Disertaciones inútiles La Playlist Tremendas canciones

Michael Bolton y golpes de cabeza

Somos las canciones del pasado. Somos los recuerdos. Los cassettes que sonaron en los autos de los amigos, las primeras expediciones por la ciudad sintiéndonos adultos. No importaba si el viaje era corto, «Flaco, ¿me acompañás a comprar el pan?». O si no tenía destino claro. «Flaco, mi viejo me prestó el carro, ¿damos una vuelta?». O si el que manejaba te decía: «Flaco, vamos, pero me das para la gasolina» (y en esa época que les narro, finales de los ochenta, principios de los noventa, el precio del combustible, le daba golpes duros a nuestra triste economía colegial). Fueron muchos viajes.
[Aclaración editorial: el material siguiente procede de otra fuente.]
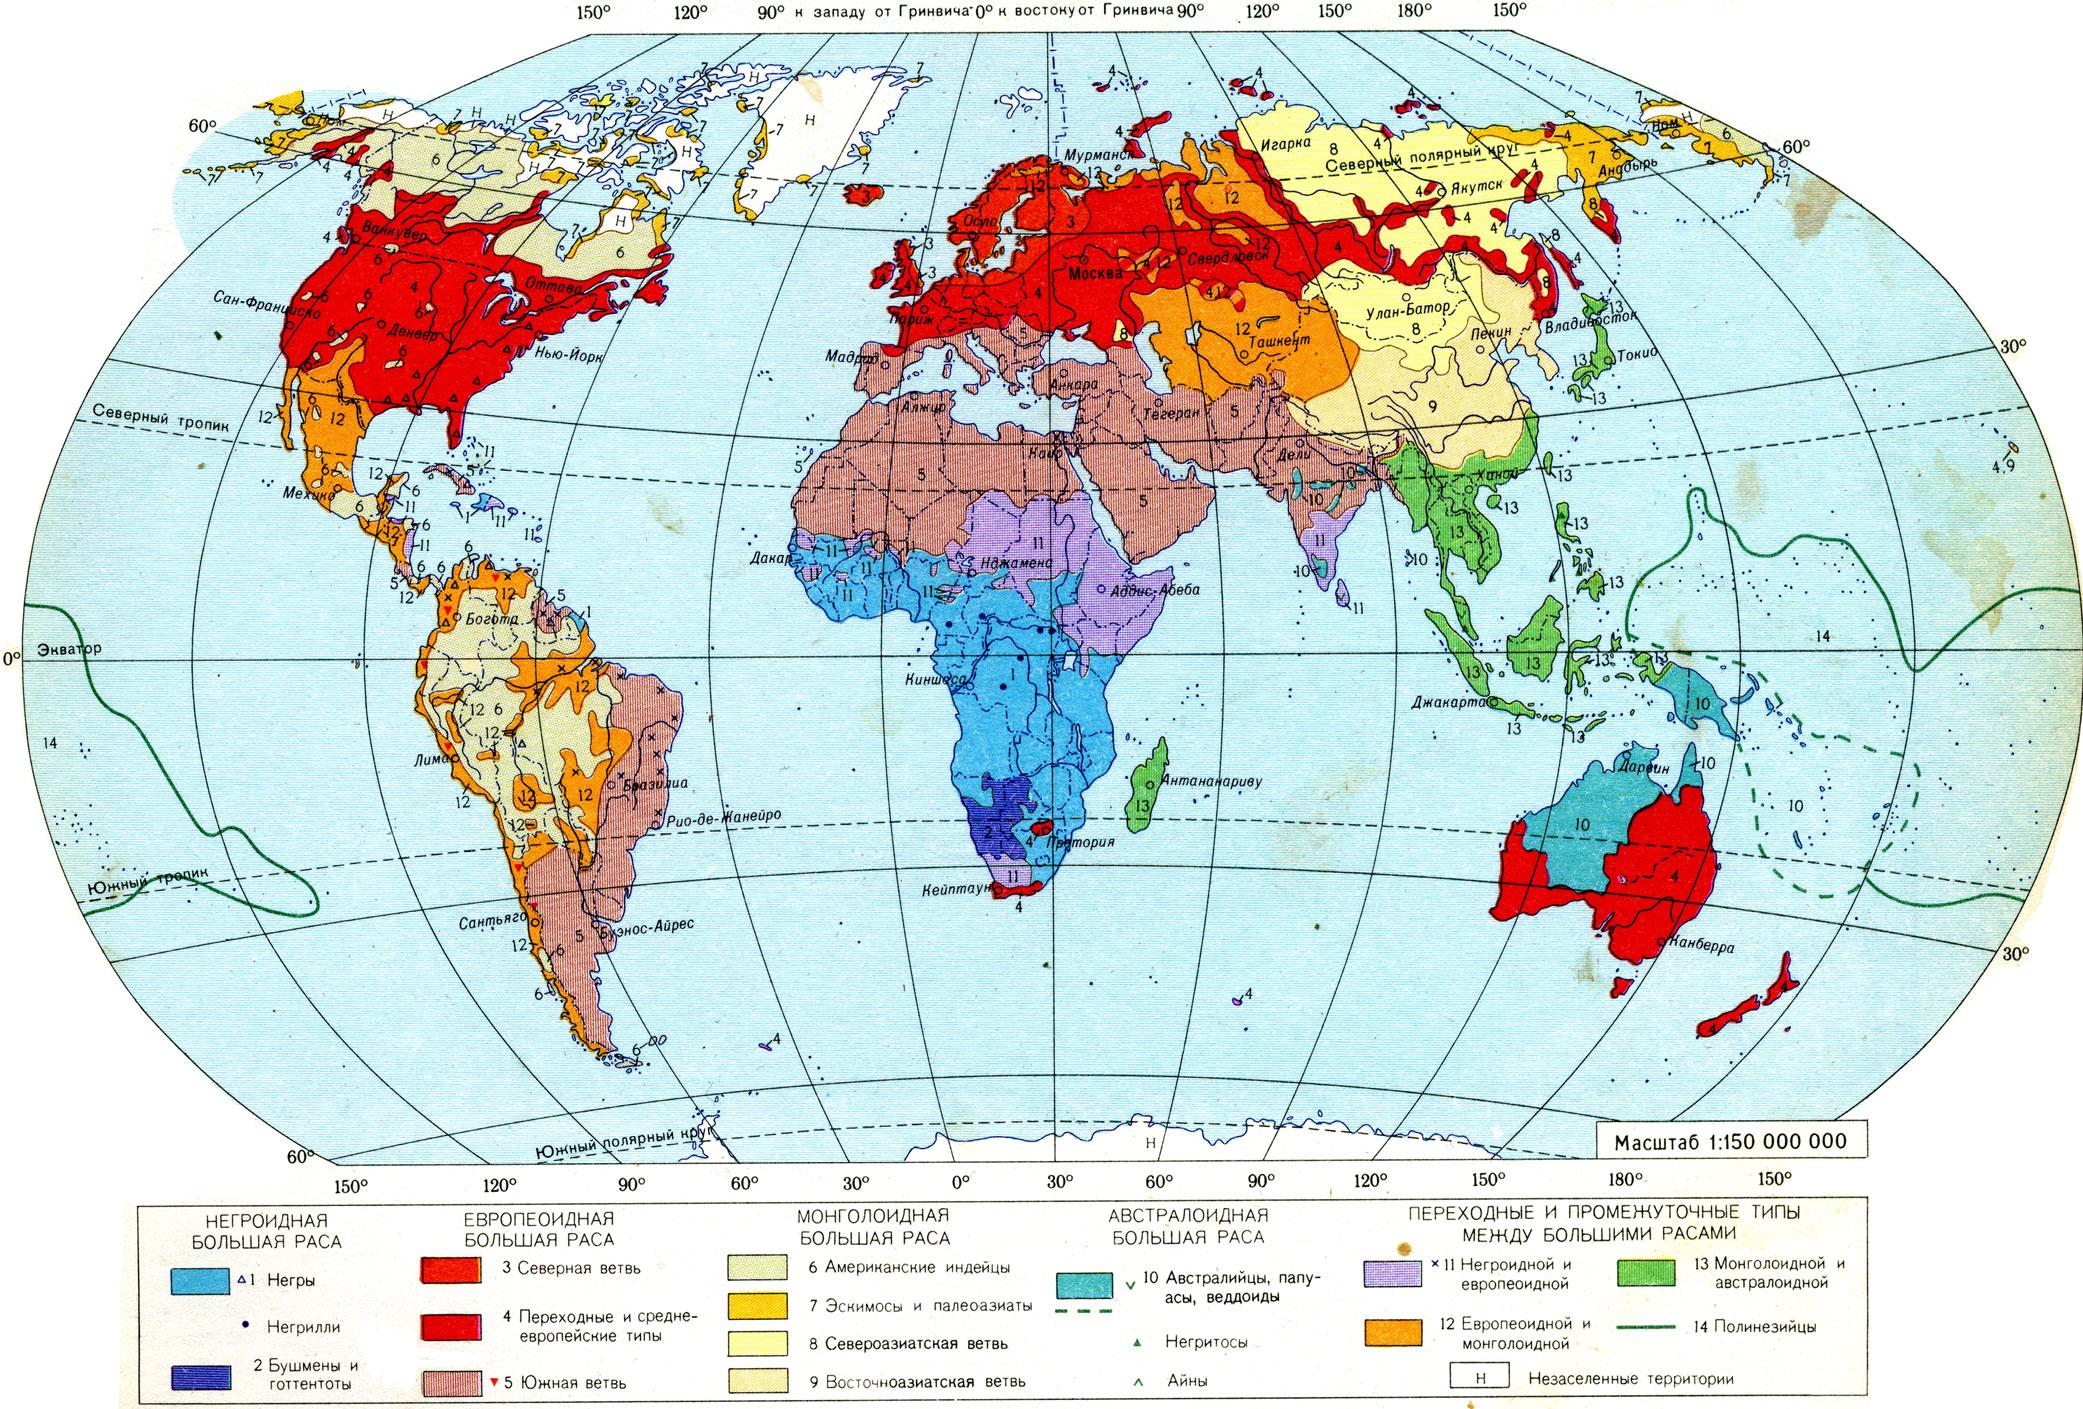 Расы мира негроидная

Algunos extraños, a escondidas y a la medianoche. Otros se hicieron solo por el placer de conducir y sentir la velocidad y la libertad –la ventaja de vivir en Cali, una ciudad de clima cálido, era que podías bajar las ventanillas y esperar el golpe fresco del aire en el rostro–. En una de esas expediciones colegiales que no olvido, mi amigo Gabriel iba al volante. Él manejaba desde muy chico, era el ‘Meteoro’ del grupo, del parche, de esa pequeña comunidad de seis integrantes que solo soñaban con ganar el campeonato de fútbol del colegio (nunca lo logramos, pero en grado once fuimos subcampeones. ¡Malditos penalties!) y ‘levantarse’ (conquistar, ligar y más palabras terminadas en «ar») a las chicas más bonitas de la ciudad. Gabriel, hay que decirlo, era el de «mostrar», el Face de nuestro The A Team. Y se enamoraba de manera enfermiza. Amaba y odiaba con fuerza extrema. Recuerdo una tarde que viajamos a Los Ranchos, un lugar ubicado sobre la conocida Carretera al Mar, cercana a Cali.
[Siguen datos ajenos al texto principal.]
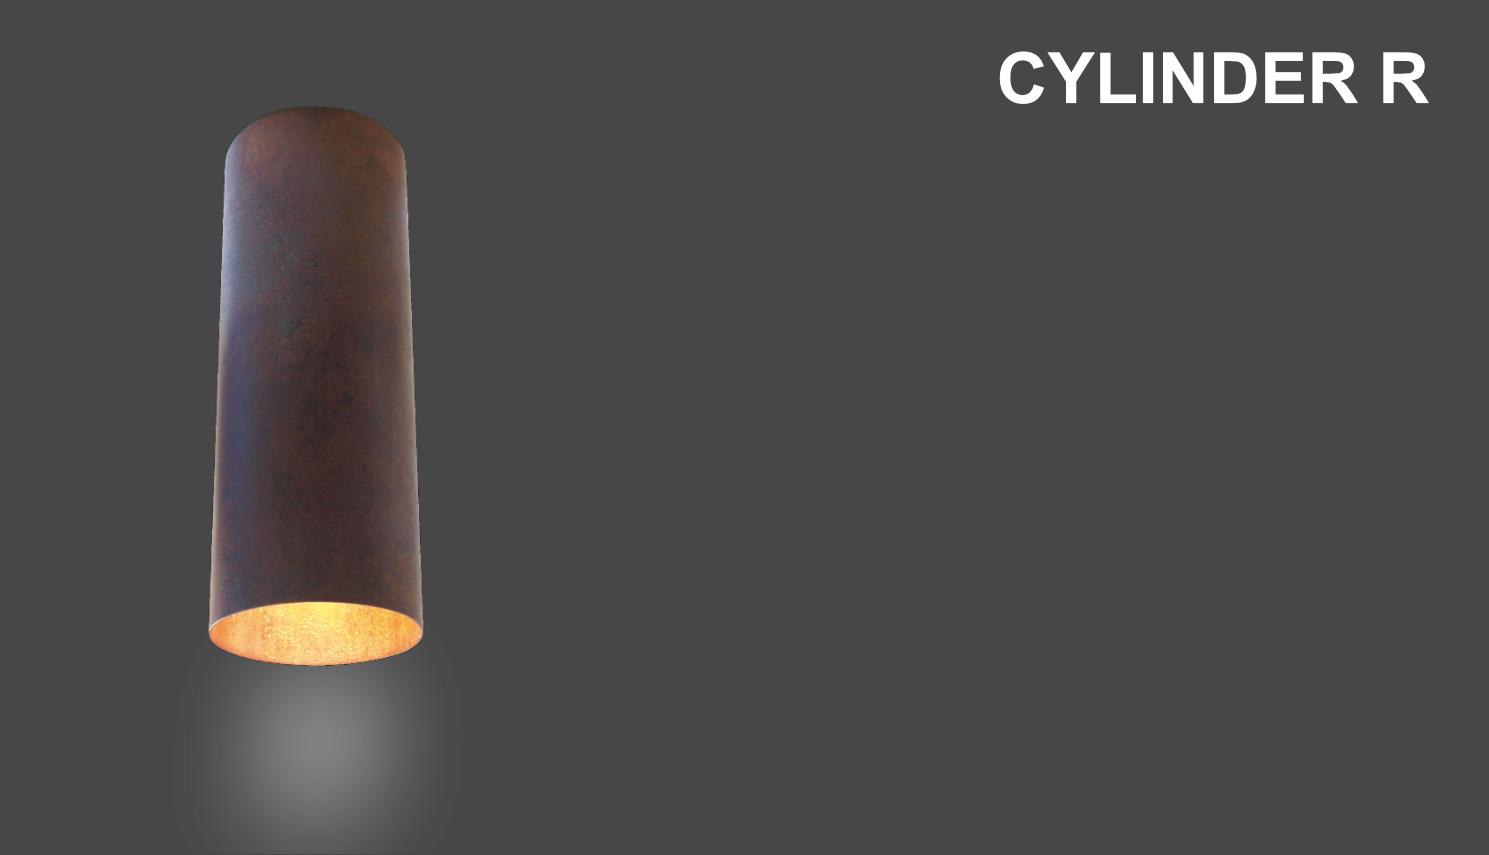 Cylinder R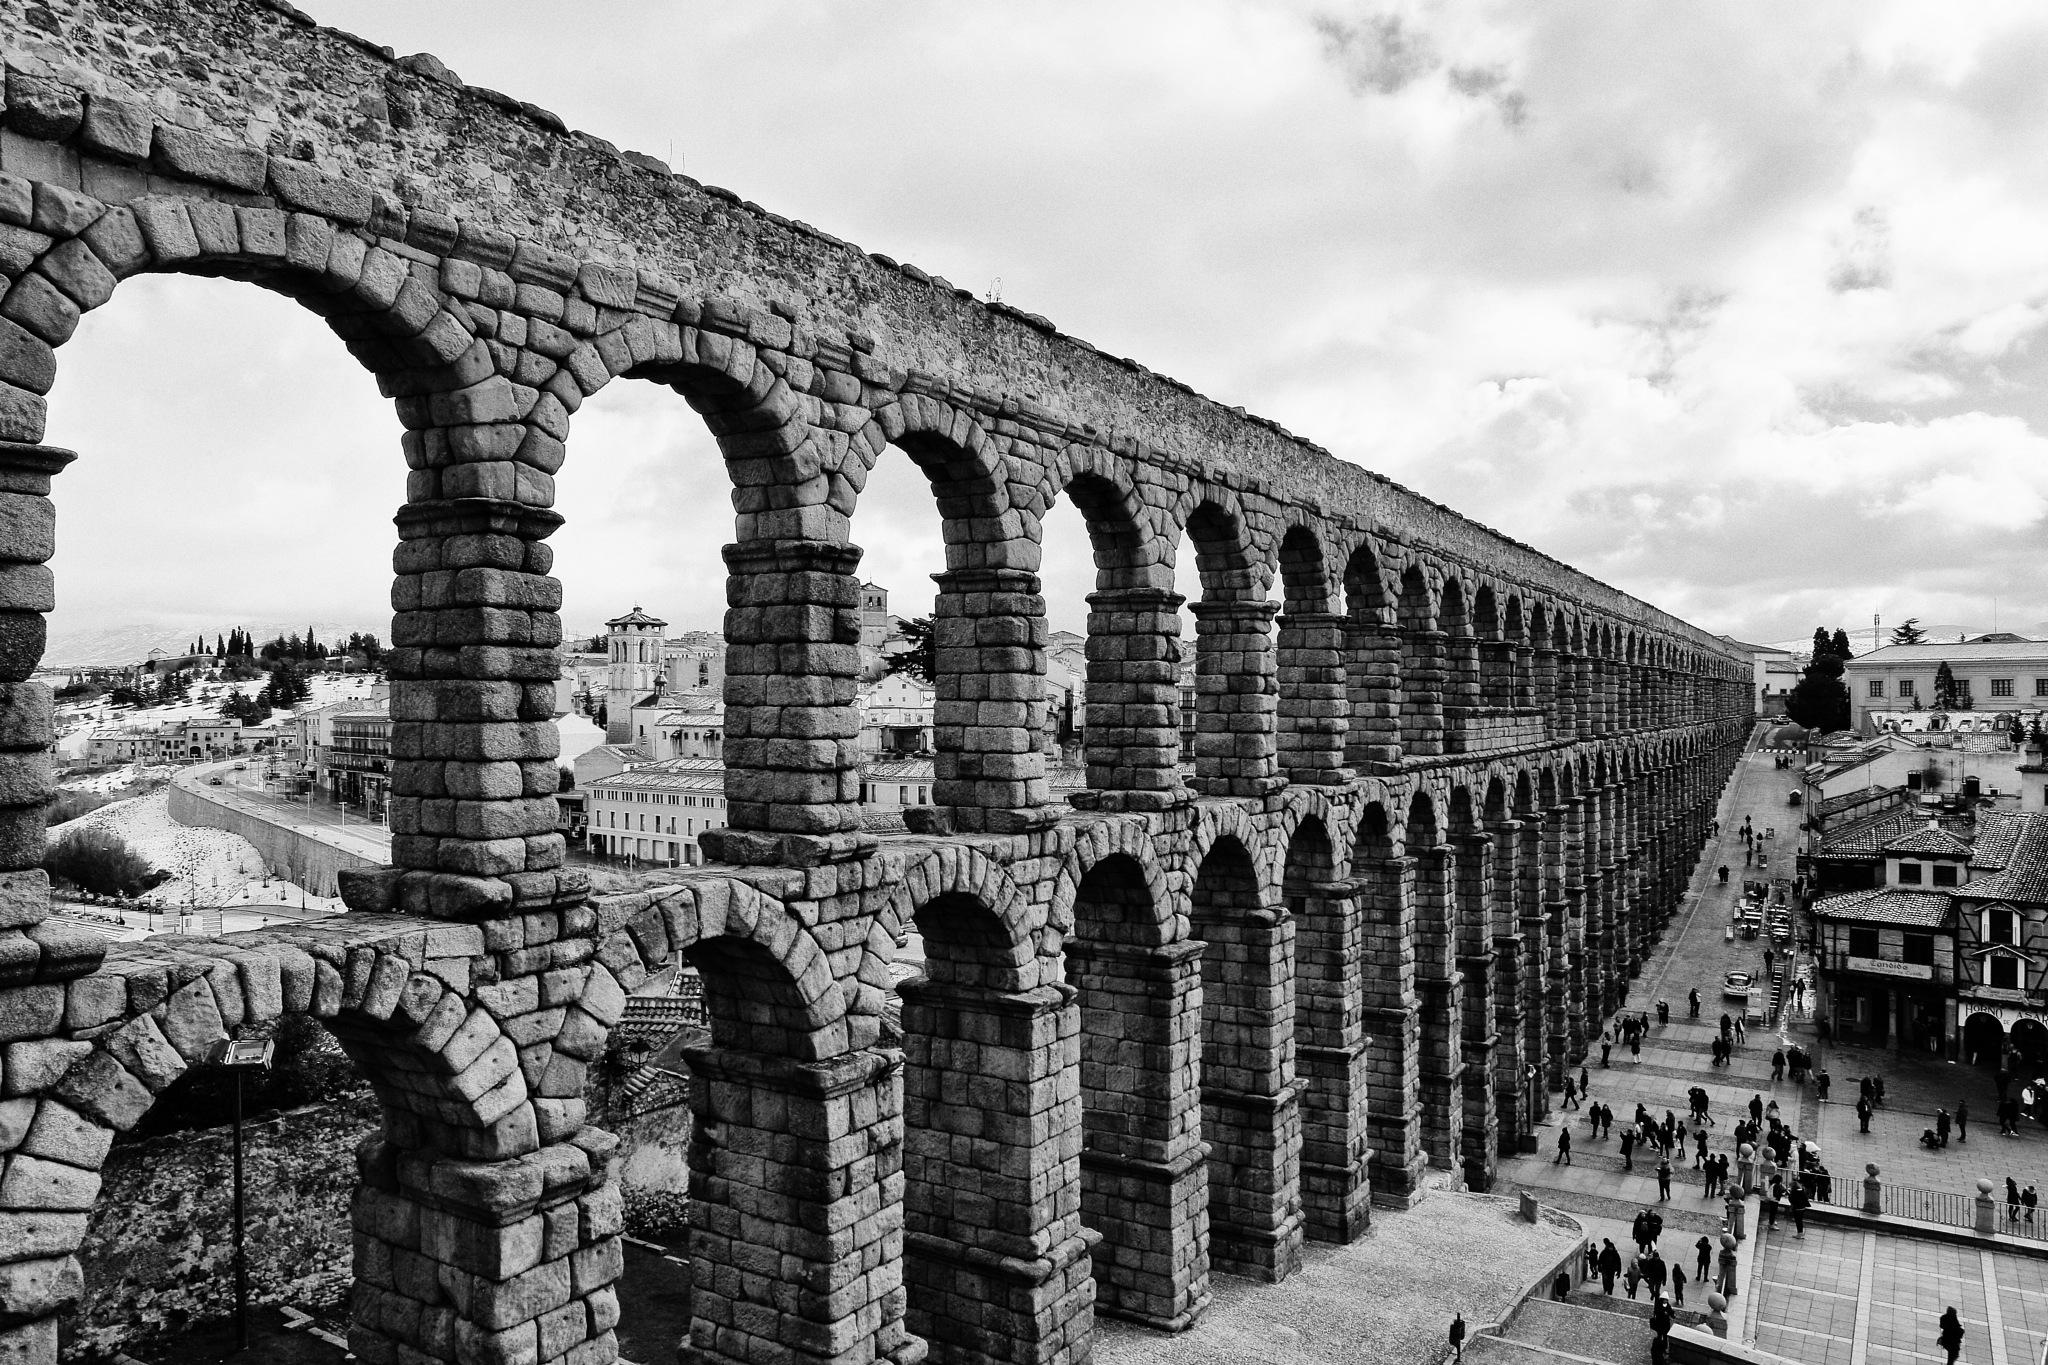 Aqueduct of Segovia by leecj0129

Algo pasó, no sé muy bien qué. Su chica lo sacó de casillas o lo abandonó ese día. Bastaba una mirada sospechosa o una palabra mal dicha para que Gabriel hiciera su propio drama Shakespeare . Desolado, desesperanzado se fue al bosque de pinos que rodea el local, y empezó a retar la fortaleza de los árboles dándose cabezazos contra los troncos. Y gritaba: «Flaco, dejame aquí… Déjenme aquí». Luego la emprendió con su cabeza contra el parabrisas de su vieja Fiat Mirafiori Panorama. «Déjenme aquí». Aunque llegamos a pensarlo, no podíamos hacerlo porque él era el dueño del auto. El camino de regreso fue un reto al destino. Gabriel aceleraba o desaceleraba dependiendo del ánimo. Todo por una chica. No olvido que ya era de noche cuando emprendimos el regreso. El cielo oscuro. El viento frío. El corazón roto de mi amigo. Y en la radio sonaba una de las canciones de la época, la que hizo famoso a Michael Bolton: How Am I Supposed to Live Without You. Canción que le daba un doble dramatismo a la situación, canción que cuando escucho, de inmediato me regresa a ese auto, a esa noche y a ese momento que hoy parece gracioso, pero aquel día se vivía como un episodio de Hamlet. La cabeza de Gabriel probó su fortaleza. Aún hoy, muchos años después, su cráneo permanece intacto. Y la chica… apenas si es un recuerdo. (Vaya pelos, los de Michael Bolton).